= Alvin M. Fountain =

Alvin Marcus Fountain (July 10, 1899 – May 2, 1989) was a former professor of English at North Carolina State University and a notable college historian.

== Biography ==
As a student at NC State from 1919 to 1923, Fountain served as the editor of the Technician, NC State's student newspaper and the co-author of the NC State Alma Mater, originally composed at ROTC summer camp at Camp (later Fort) McClellan in Alabama in 1922: "Where the winds of Dixie softly blow o'er the fields of Caroline, There stands ever cherished, N.C. State, as thy honored shrine So lift your voices!
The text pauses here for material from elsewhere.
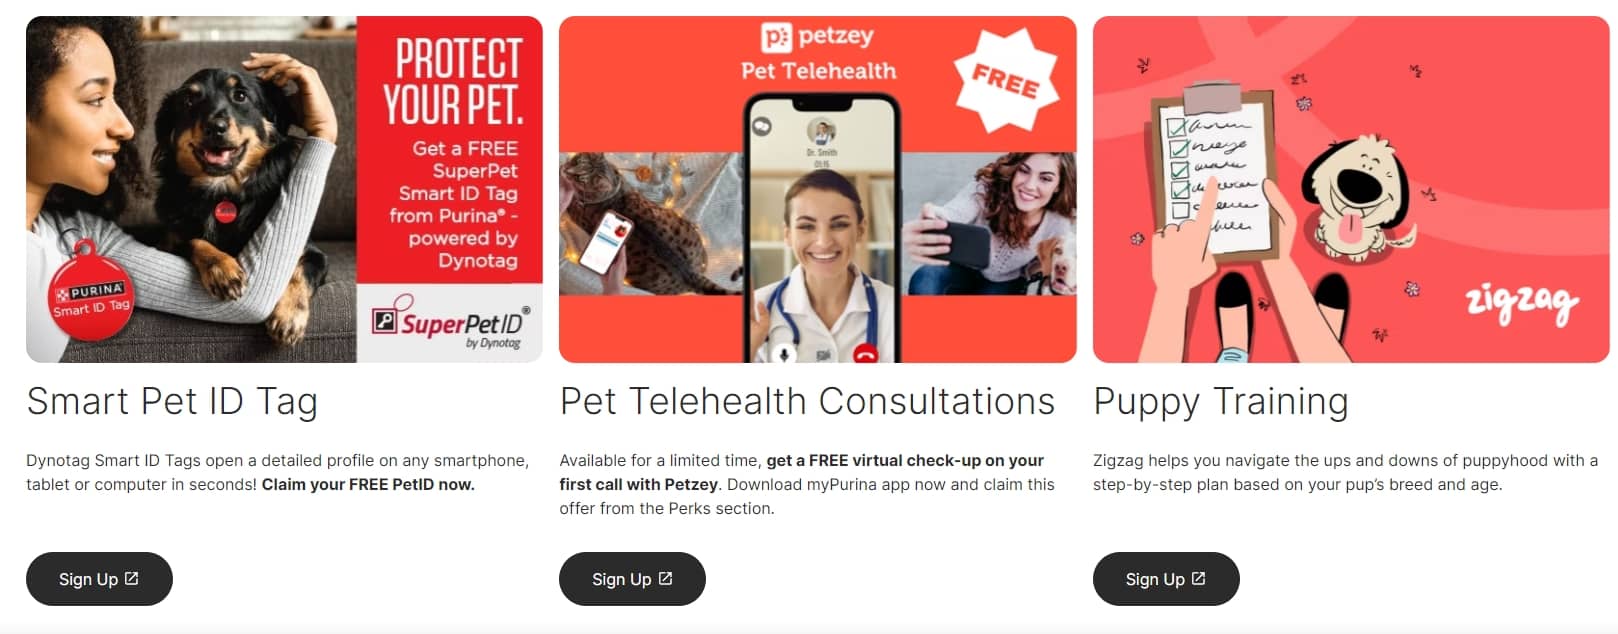 FREE Virtual Pet Check-Up with...

Loudly sing from hill to oceanside! Our hearts ever hold you, N.C. State in the folds of our love and pride." Fountain graduated from NC State in 1923 as salutatorian with a degree in electrical engineering, later receiving and M.S. in sociology with a thesis on the spending patterns of mill workers at Pilot Mills in Raleigh, North Carolina (1926); an M.S. in English literature from Columbia University with a thesis on ante-bellum Charleston, South Carolina, as a literary center (1930); and a Ph.D. in English from the George Peabody College in Nashville, Tennessee, with a dissertation on courses in technical writing (1937).

Fountain co-authored several English textbooks including The Engineer's Manual of English (1943) and Manual of Technical Writing (1957).

In 1991 NC State University named Fountain Dining Hall in honor of the former professor. NCSU Libraries Special Collections Research Center serves as the repository for the Alvin Marcus Fountain Papers.